Magdalena Bay, Baja California Sur

As I look at today’s photo, I am reminded of the immense diversity of wildlife in the areas that we, aboard the National Geographic Sea Lion, are exposed to each day. How lucky we are!

Today the dawn greeted us just off Punta Tosca on the southern end of Isla Santa Margarita. The trip north through the night from yesterday’s activities in the Cabo San Lucas area was very nice to us indeed—a soft, gentle roll over a calm Pacific sea. Our first sighting was of a humpback whale leisurely throwing its beautiful flukes into the air as it dove down into the clear, blue waters of the Pacific. Common dolphins, California sea lions, Craveri’s Murrelets and more humpback whales greeted us on our path northward along the Baja shore. Once inside Magdalena Bay about a dozen gray whales, alone or in pairs, puffed their misty spouts into the calm morning sky and threw their flukes into the air as they dove into the blue depths of the Bay. As we made our way further northward, we sighted a very unusual sight inside Magdalena Bay, a group of about 40 Pacific white-sided dolphins swimming leisurely along and mixed with porposing California sea lions. It was then that our ship’s doctor captured this picture of a small group of sea lions resting on the surface and a gray whale showing its flukes right in front of them. What an incredible morning we had.

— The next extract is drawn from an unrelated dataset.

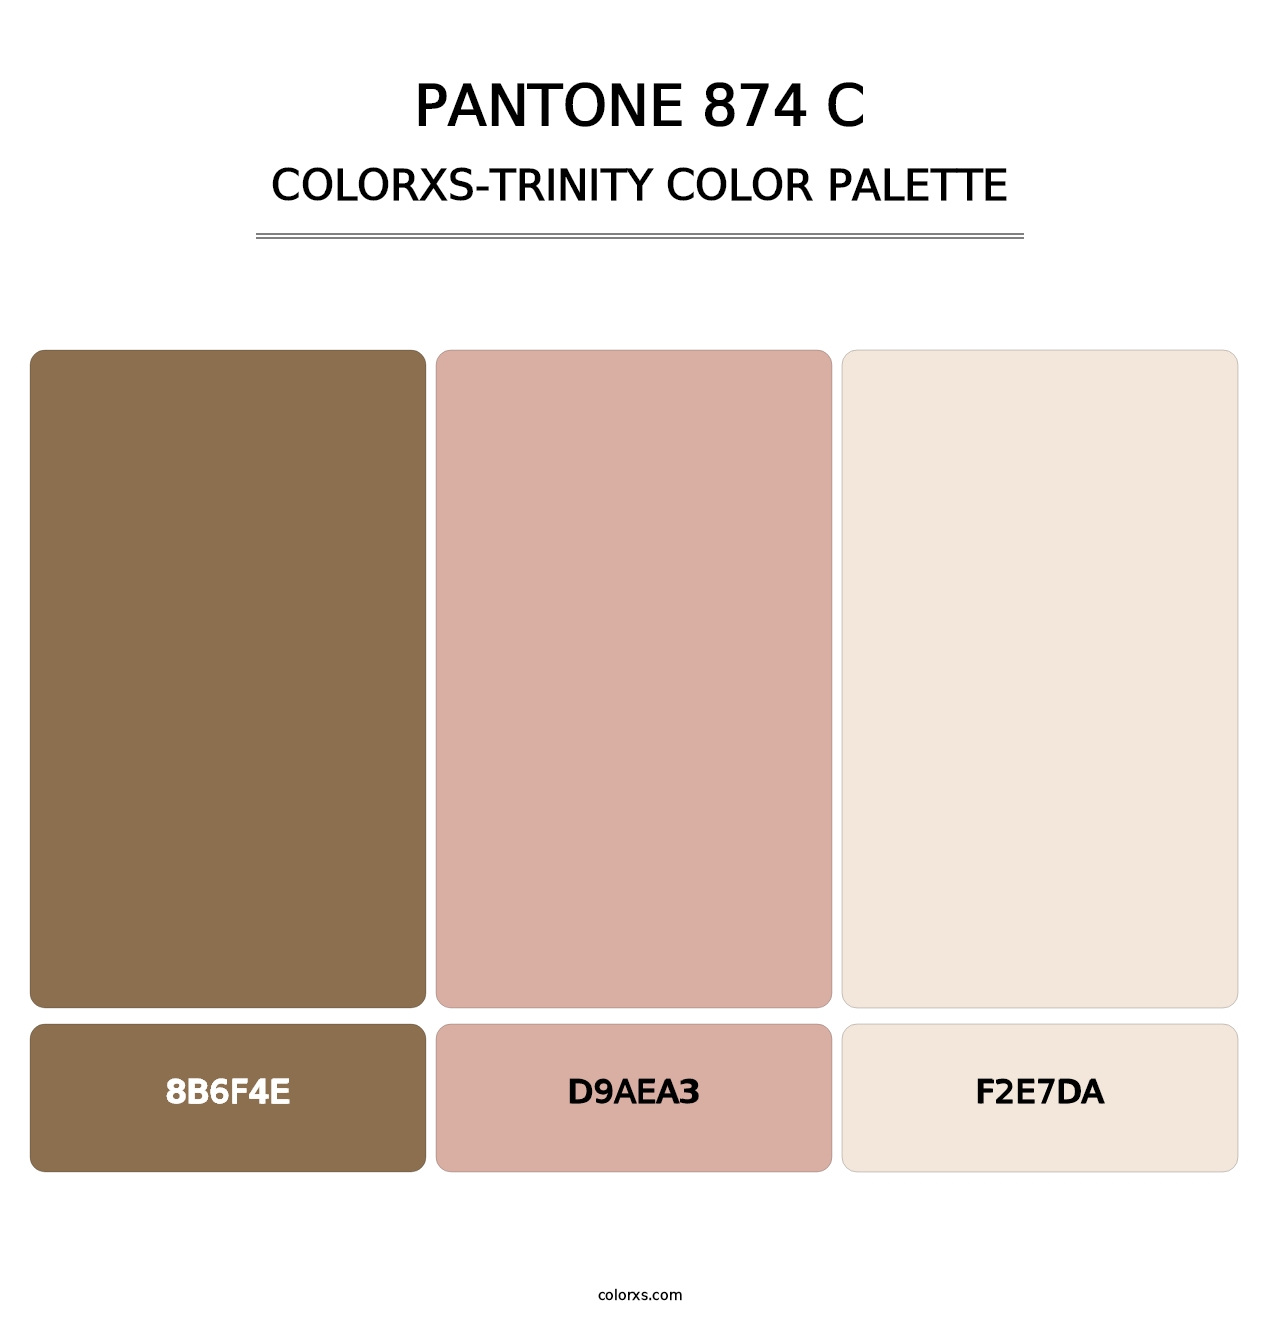 PANTONE 874 C - Colorxs Trinity Palette

Right after lunch the ship was anchored along the sand dunes that make up a major part of Isla Magdalena and we went ashore to walk the half mile to the Pacific shore. The sun was warm; yet the wind was cool enough to make our walk very pleasant over the dunes and among the tenacious dune plants to the beach we call ‘Sand Dollar Beach’. This amazing beach stretches for about 30 miles along the Pacific coast and is as pristine as any beach can possibly be. There are no structures or people anywhere—just the shells, sand dollars, bones, sounds of the surf beating against the shore and the solitude, the blessed solitude! Back aboard the ship, we weighed anchor and continued our journey northward through the mangrove lined Hull Canal with a wide variety of birds in the vegetation and along the mudflats that line the canal at this lower tidal level. Herons, egrets, ibises, ospreys, sandpipers, ducks, cormorants and geese so abundant that even our reluctant birders were up on deck enjoying this dramatic spectacle of diversity. How could we be anything but grateful for the opportunity to visit and experience this incredible landscape and the wildlife held within it?